Refugee student's hard work pays off with scholarship to study in USA
A young Congolese refugee in Zimbabwe achieves his dream of going to university with a scholarship awarded by the US government.
TONGOGARA, Zimbabwe, July 7 (UNHCR) - After fleeing his home in the Democratic Republic of the Congo and seeking safety in Zimbabwe, the last thing 20-year-old Joel Tshite ever expected was the chance to study in America.
Now, thanks to the US Student Achievers Program (USAP), he is one of 27 students in the entire southern African country whose future shines brighter than ever after an amazing journey out of darkness.
It was 2001 when a six-year-old Joel saw a group of thugs hack his three older brothers to death. They had been searching for his missing father. "My world changed forever that night," he recalled. "We fled DRC a few days later, I knew it would never be the same again."
Joel, his remaining five siblings and distraught mother left the DRC's Katanga Province and settled in Zimbabwe's Tongogara refugee camp. For a little over a year, he stayed at home, where questions about his still missing father went unanswered. The surviving members of the family feared the worst.
Then, aged eight, he finally went to school. By the end of grade three, the young Congolese refugee was top of the class. "I was not one of those clever children who didn't have to apply themselves," Joel said, 12 years later. "It was sheer hard work and determination that got me where I am today."
Then, one day in 2004, his father returned -- a surprise which provided all the encouragement he needed to excel at school.
"My brother and I returned home from school one day and when we opened the door, there my father was," Joel exclaimed. "I couldn't believe it."
Back in 2004, his father had fled the DRC for Zimbabwe, with no idea that his family had also headed south. "It was during a church service that a member of the congregation remarked about how similar he looked to a group of children he knew," said Joel. "When my father was told the names of the children he couldn't believe he had found us."
With his parents' support, Joel continued to do well in school and, during holidays, actively participated in camp activities as a Youth Mobiliser, engaging his peers on HIV/AIDS, the dangers of early and forced marriages, environmental protection and other issues.

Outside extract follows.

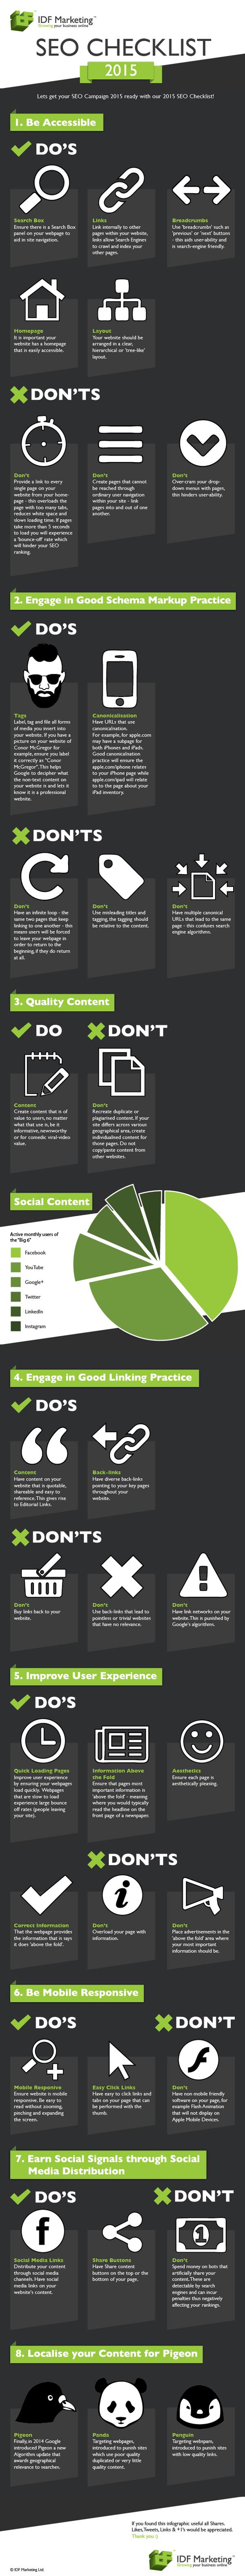 SEO checklist 2015 infographic

Then, he won a UNHCR scholarship to complete his A-level at a high school in nearby Harare. It was there that he learned about the USAP, an initiative of the US Embassy in Zimbabwe that gives academic opportunities to talented students from poor backgrounds.

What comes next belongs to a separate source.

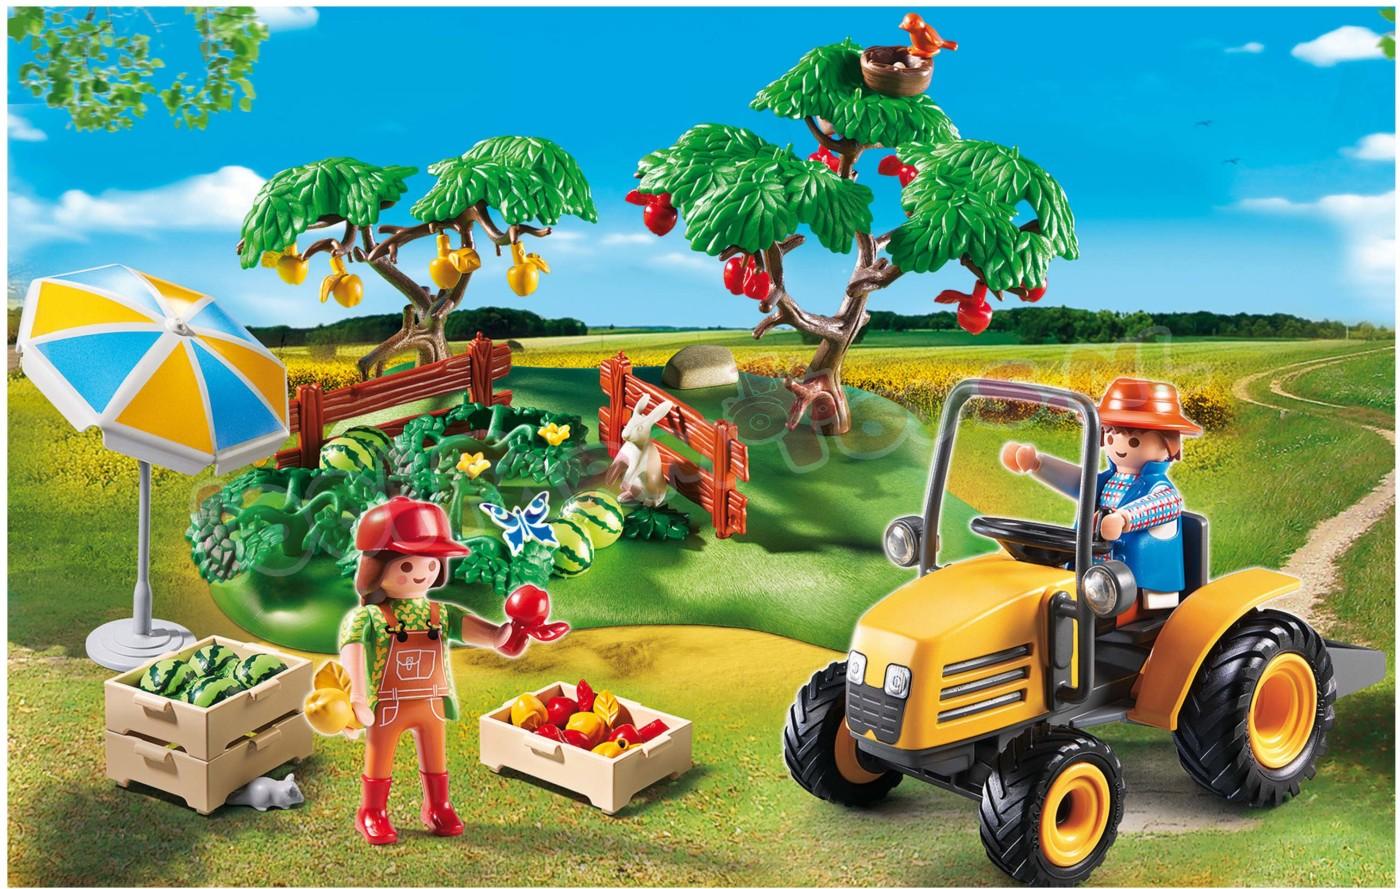 Playmobil starterset boomgaarden 6870 uitverkocht farm - Betonniere playmobil ...

"This was my chance," Joel said. "My father would not be able to afford my university studies on the earnings from his jobs so now it was up to me to step up and do my best. I filled out the application form and one day, when I was back home in Tongogara camp, I received the best news ever."
Joel was one of 27 students in Zimbabwe to receive a full academic scholarship that enables him to study electrical engineering at the University of Southern Indiana.
"Although I didn't know what the outcome would have been after I submitted my application, something inside of me was at peace," he says. "When I received the news that I had won the scholarship, I understood what that feeling of peace in my heart was."
Rebecca Zeigler Mano, the founder of the USAP scholarship programme, says: "I knew there were incredible kids in Zimbabwe who deserved the opportunity - brilliant kids, who needed to be encouraged to get the opportunity to study in America. I strongly believe that if you marry talent with opportunity, great things can happen."
"There is so much potential amongst refugee youth that live in camps and the opportunities to build on that potential are so few, it is really an amazing opportunity for Joel's future," added Millicent Mutuli, UNHCR's Representative in Zimbabwe.
Joel is now preparing to leave Zimbabwe for the University of Southern Indiana, aware that a new, more promising chapter of his life is about to begin.
"Indeed, it is new beginnings for me again, but this time without the pain, the dread and unanswered questions I left the DRC with all those years ago," he stressed. "This time, it will be a journey filled with excitement and expectation at what the future holds for me and my family."